Jiangsu Cancer Hospital, Jiangsu Institute of Cancer Research, The Affiliated Cancer Hospital of Nanjing Medical University, Nanjing, 210009, China.
Shanghai Yunying Medical Technology Co., Ltd., Shanghai, 201612, China.
Curr Med Sci. 2021 Apr;41(2):368-374. doi: 10.1007/s11596-021-2356-8. Epub 2021 Apr 20.
Colorectal cancer (CRC) is the third most commonly diagnosed cancer worldwide. Several studies have indicated that rectal cancer is significantly different from colon cancer in terms of treatment, prognosis, and metastasis. Recently, the differential mRNA expression of colon cancer and rectal cancer has received a great deal of attention. The current study aimed to identify significant differences between colon cancer and rectal cancer based on RNA sequencing (RNA-seq) data via support vector machines (SVM). Here, 393 CRC samples from the The Cancer Genome Atlas (TCGA) database were investigated, including 298 patients with colon cancer and 95 with rectal cancer. Following the random forest (RF) analysis of the mRNA expression data, 96 genes such as HOXB13, PRAC, and BCLAF1 were identified and utilized to build the SVM classification model with the Leave-One-Out Cross-validation (LOOCV) algorithm. In the training (n=196) and the validation cohorts (n=197), the accuracy (82.1 % and 82.2 %, respectively) and the AUC (0.87 and 0.91, respectively) indicated that the established optimal SVM classification model distinguished colon cancer from rectal cancer reasonably. However, additional experiments are required to validate the predicted gene expression levels and functions.

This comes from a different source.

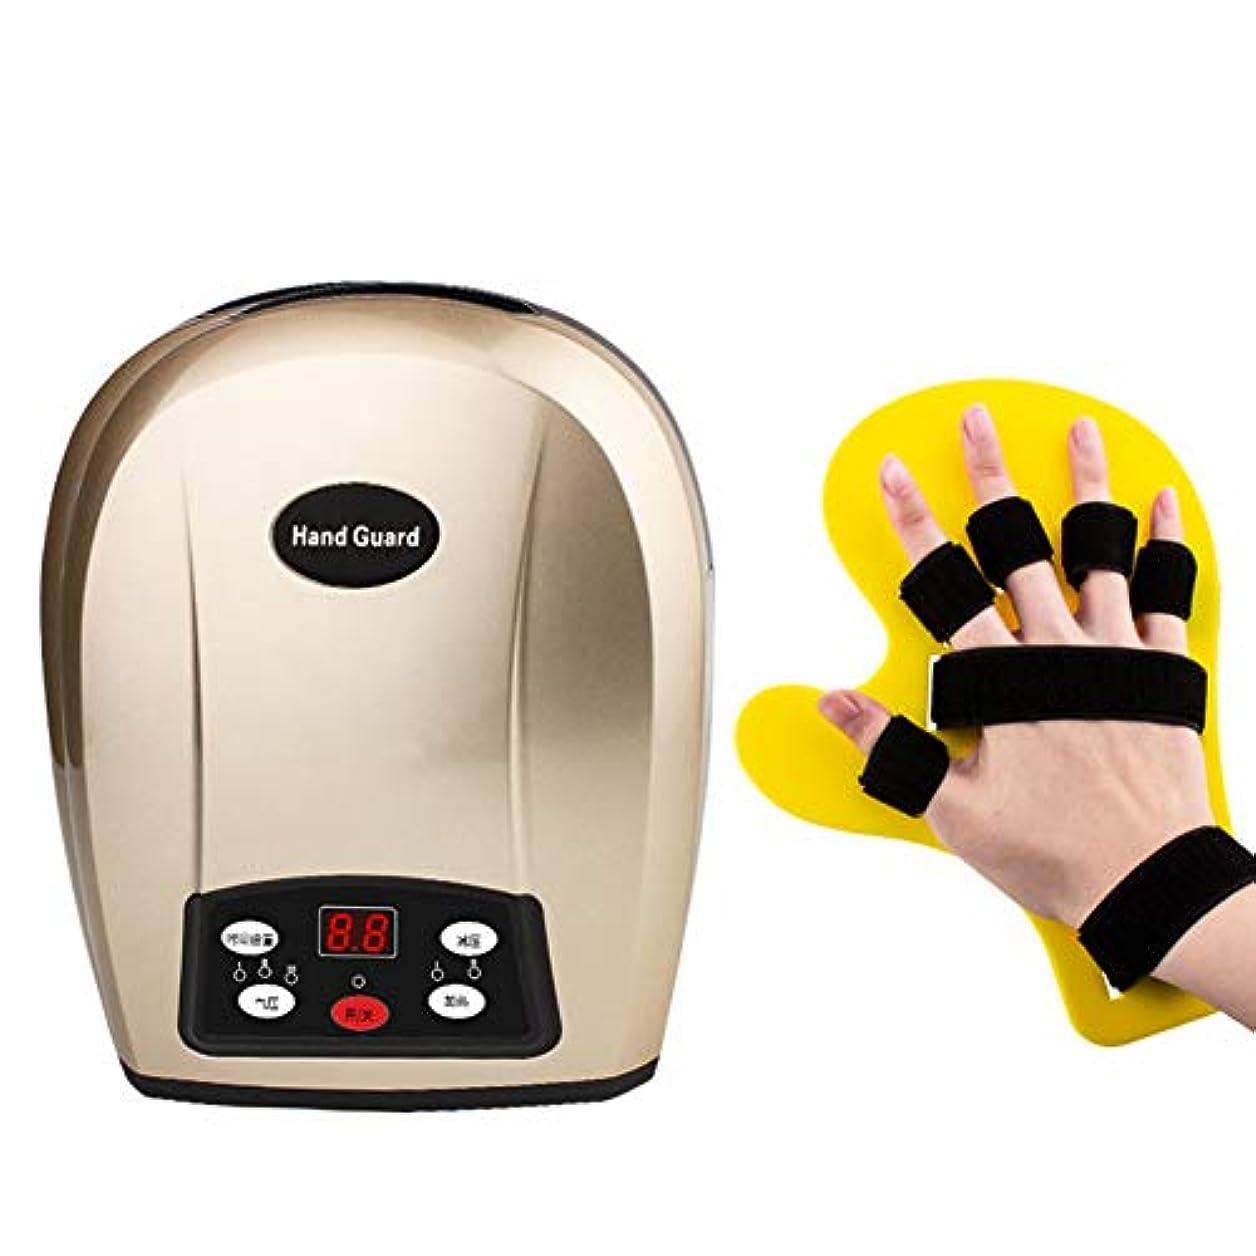 デッドアナリスト悔い改める関節炎の鎮痛、調節可能な圧力とタイマーのための混練と熱療法を備えた電動ハンドマッサージ器,MassagerAndFingerSeparator

结直肠癌(CRC)是全球第三大常见癌症。多项研究表明,直肠癌在治疗、预后和转移方面与结肠癌有显著差异。最近,结肠癌和直肠癌的差异 mRNA 表达受到了广泛关注。本研究旨在通过支持向量机(SVM)基于 RNA 测序(RNA-seq)数据识别结肠癌和直肠癌之间的显著差异。本研究共纳入了来自癌症基因组图谱(TCGA)数据库的 393 例 CRC 样本,包括 298 例结肠癌患者和 95 例直肠癌患者。对 mRNA 表达数据进行随机森林(RF)分析后,鉴定出 96 个基因,如 HOXB13、PRAC 和 BCLAF1,并利用这些基因构建 SVM 分类模型,采用留一法交叉验证(LOOCV)算法。在训练集(n=196)和验证集(n=197)中,该模型的准确率(分别为 82.1%和 82.2%)和 AUC(分别为 0.87 和 0.91)表明,该建立的最优 SVM 分类模型能够合理地区分结肠癌和直肠癌。然而,还需要进行更多的实验来验证预测的基因表达水平和功能。